December 8, 2015

Green Valley’s long and fertile history

Here’s a chance to read again one of our old Local History Room columns, first published in May 2013 before the launch of this blog . . .

Green Valley’s long and fertile history

By Jared Olar
Library assistant

Recently this column took a brief look at the history of Creve Coeur, one of Pekin’s neighbors to the north, with the help of a published village history in the Local History Room collection of the Pekin Public Library.

This week we’ll turn our attention to one of Pekin’s neighbors to the south, Green Valley, with the help of another published history in the Local History Room collection – the Green Valley quasquicentennial volume, “Green Valley, Illinois, Celebrates 125 Years, 1872-1997,” also titled, “Quasquicentennial: Green Valley, Illinois, 1872-1997.”

Green Valley is a small rural community in the south of Sand Prairie Township, not too far north of Malone Township. As a small rural community, its history naturally would not be limited to the families and events of the village, but would include the landowners and farmers in the surrounding area. Consequently, the quasquicentennial volume puts a spotlight not only on Green Valley, but also on Sand Prairie and Malone townships.

Small though it is, Green Valley is the largest community in Sand Prairie Township. Prior to the beginning of Green Valley’s history, however, the title of largest community in the township was held by the vanished village of Circleville. Sand Prairie Township originally was called Jefferson Township, and it used to be larger than it is today, encompassing parts of what is now Malone Township. Around 1824 – the year Jonathan Tharp built his log cabin at the future site of Pekin – white settlers first came to the future site of Circleville, in Section 1 of the former Jefferson Township.

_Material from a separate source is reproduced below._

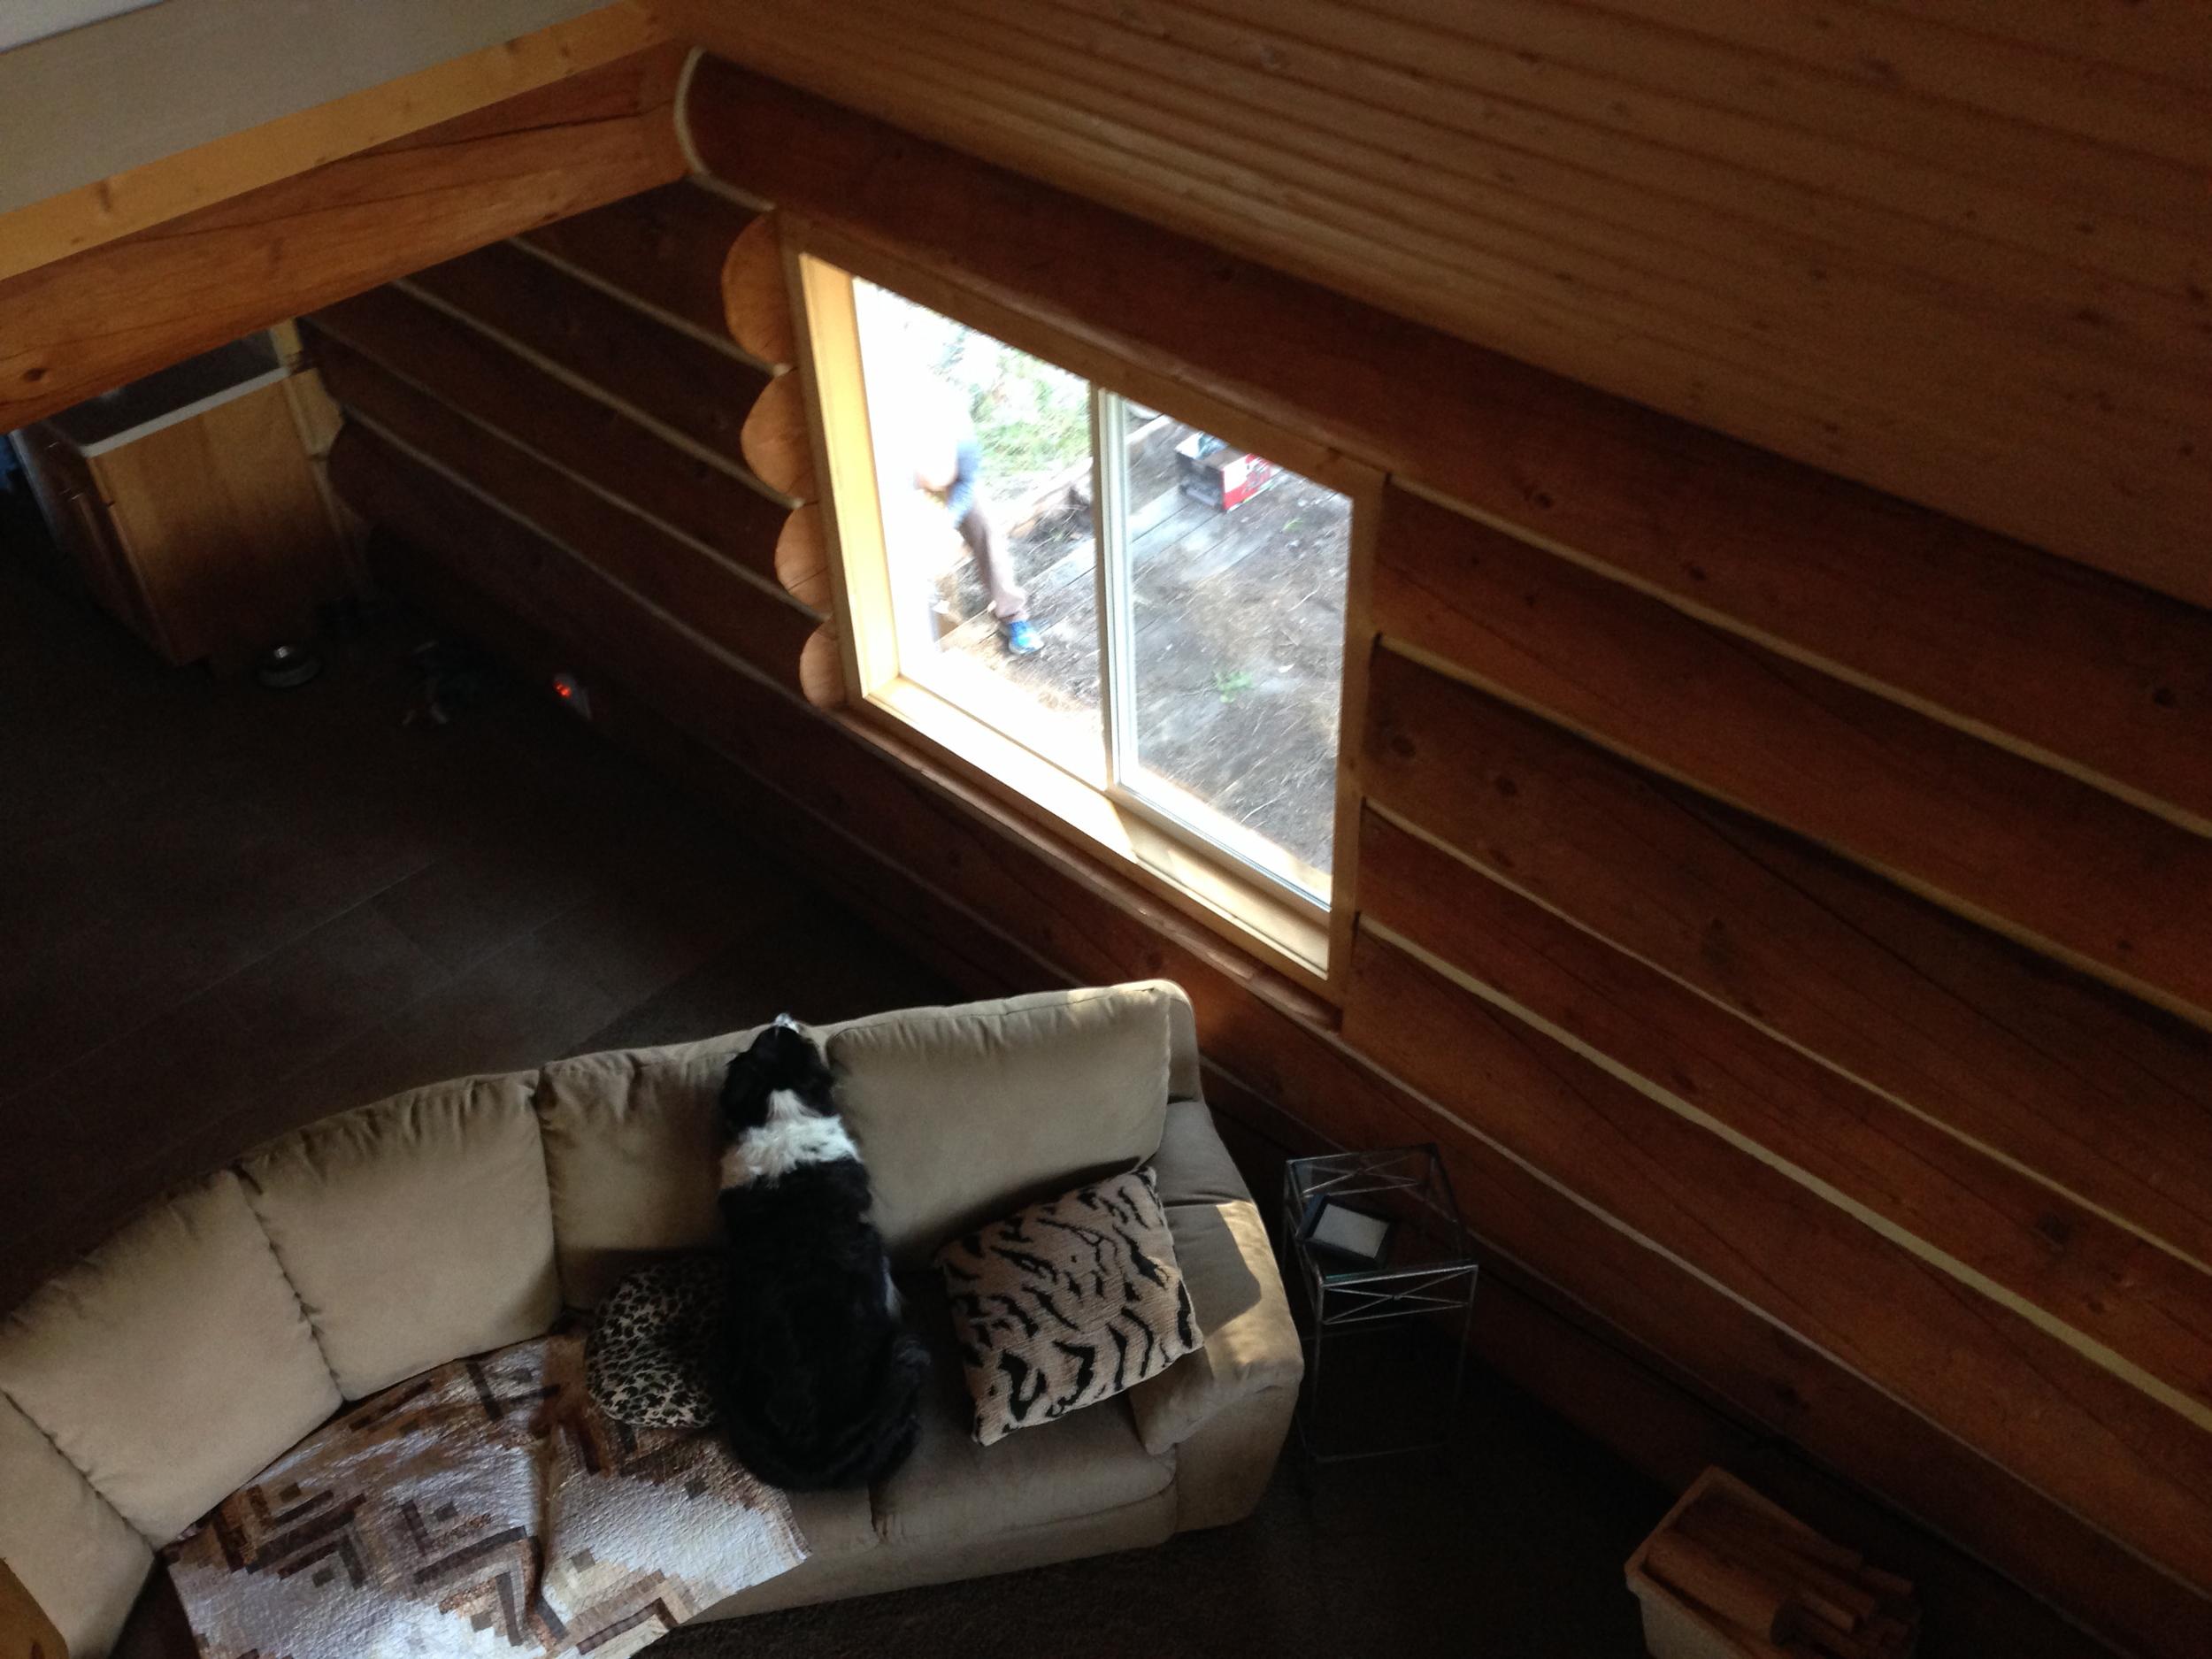 Fiona watching her Daddy work through the window.

“This was the first town in the township,” the Green Valley history says. “It was a stagecoach stop on the old stage line from Springfield to Pekin. As the inn was on rather high ground overlooking the Mackinaw bottom and surrounding prairie, when it came time for the stage to arrive the innkeeper would go upstairs, look out the window to see the coach, then rush downstairs to put potatoes on to boil for the meal. Another story was the open well where they used to cool the beer during the summer. One time someone placed the beer in a sack and when they went to draw it out of the well, the sack broke and the beer fell into the well.”

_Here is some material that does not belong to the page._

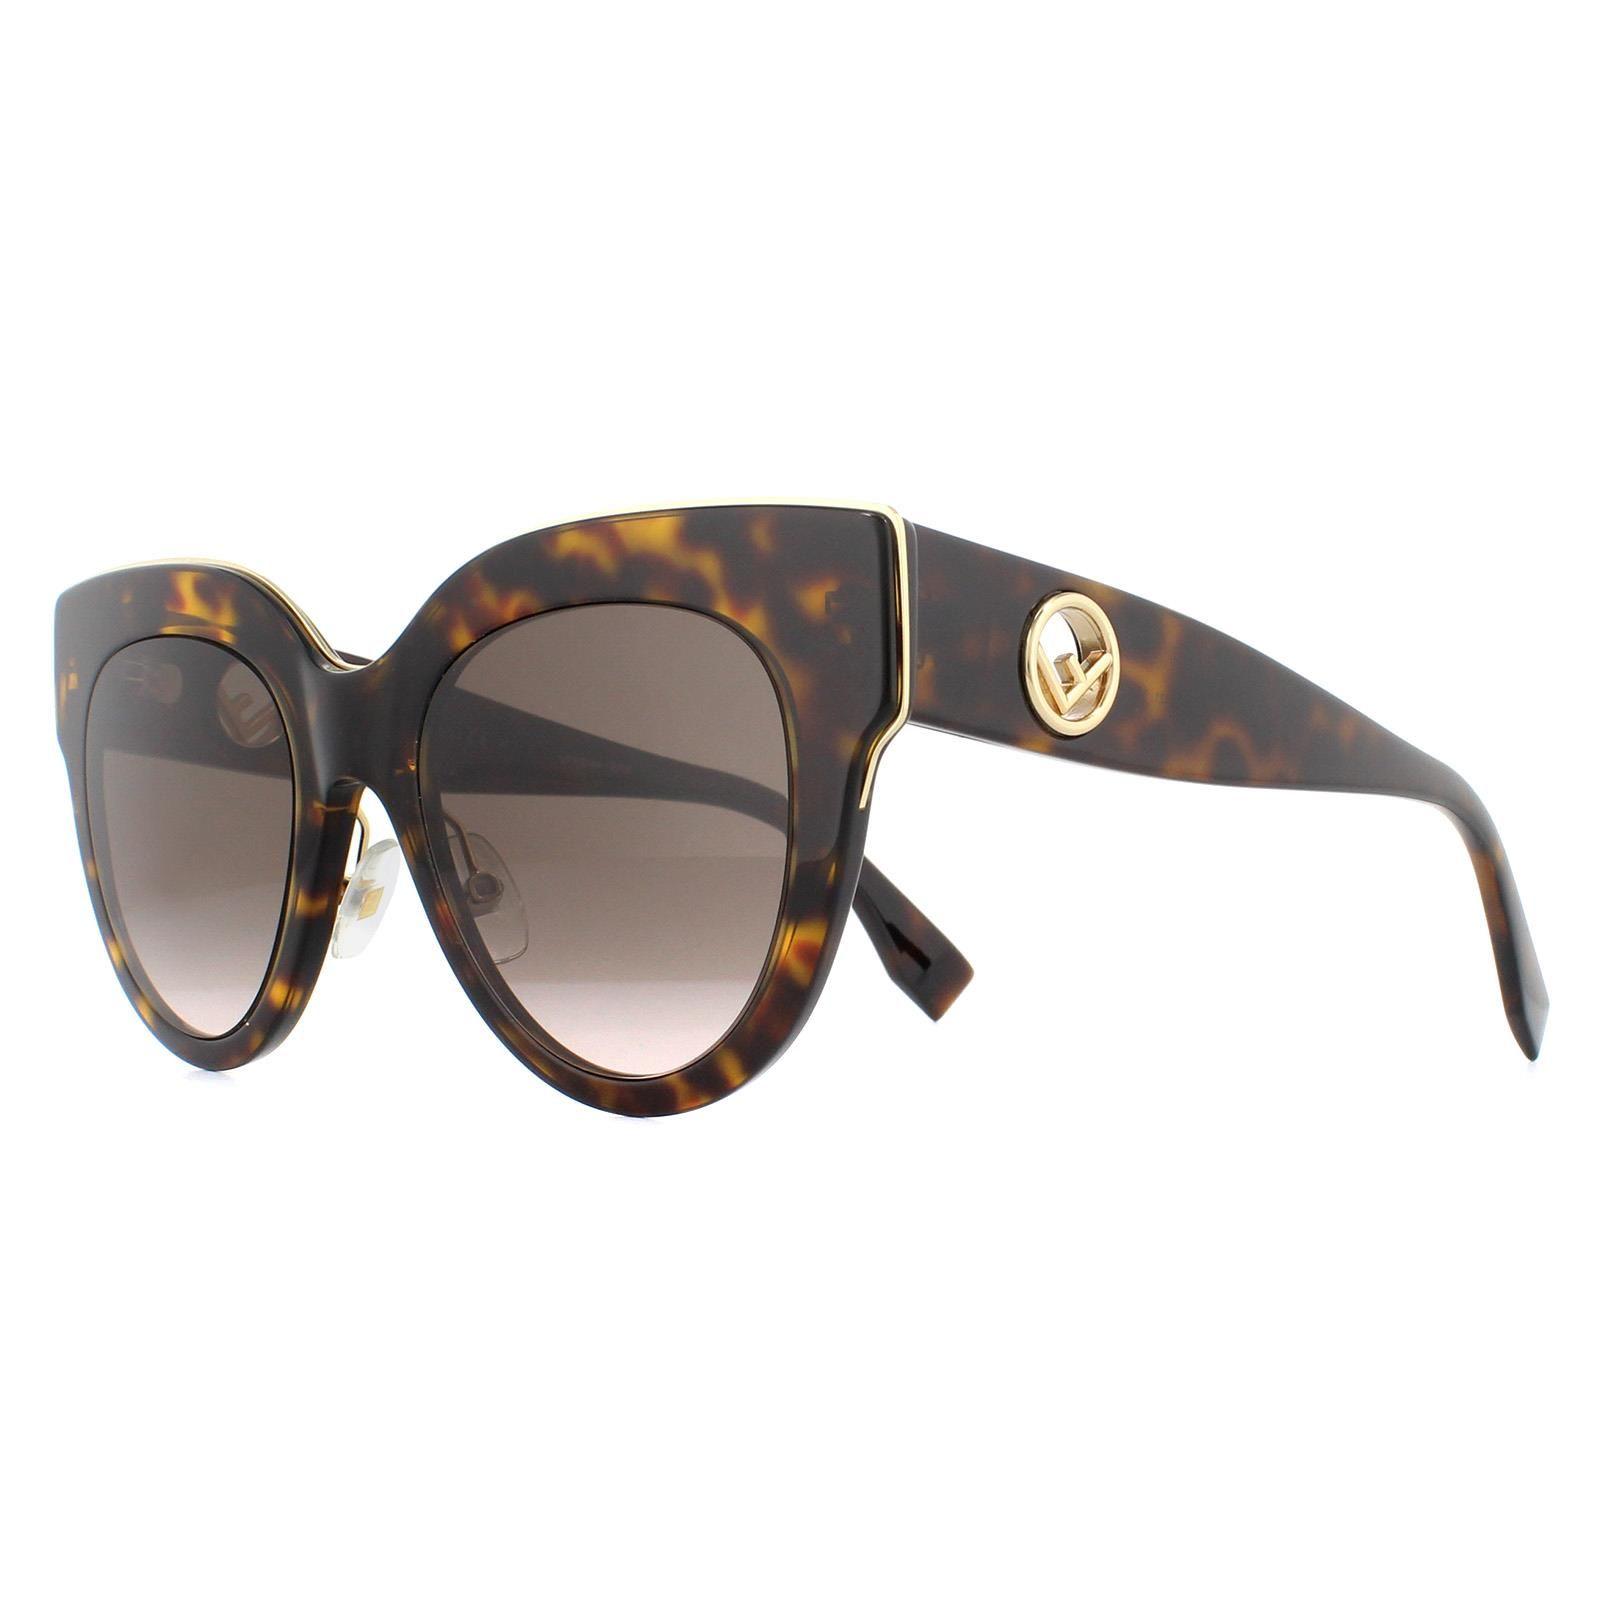 Fendi Sunglasses FF 0360/G/S H7P KU Tortoise with Black Fendi Pattern Blue

Circleville later became notorious as the favored hangout of the Berry Gang, a group of outlaws led by four brothers, William, Isaac, Emanuel and Simeon Berry, who had a homestead just outside of Circleville. The criminal career and ultimate doom of the Berry Gang is told in “Lynch Law,” a book authored by local historians and retired law enforcement officers Jim Conover and James Brecher.

An 1864 atlas map of Tazewell County shows Circleville in the northeast corner of Sand Prairie Township, but one will search in vain for Green Valley on that map. In 1864, the land that would become Green Valley was then the Dickson and Schureman farmsteads. (Other long-established and familiar family names of Sand Prairie Township include Woodrow, Deppert and Talbott. The wealthy Cummings family of Pekin also used to own land in the township.) Nine years later, the 1873 atlas map of Sand Prairie shows both Circleville and Green Valley. But visitors to Sand Prairie Township today will find no trace of Circleville, which slowly dwindled away after the heyday of the Berry Gang.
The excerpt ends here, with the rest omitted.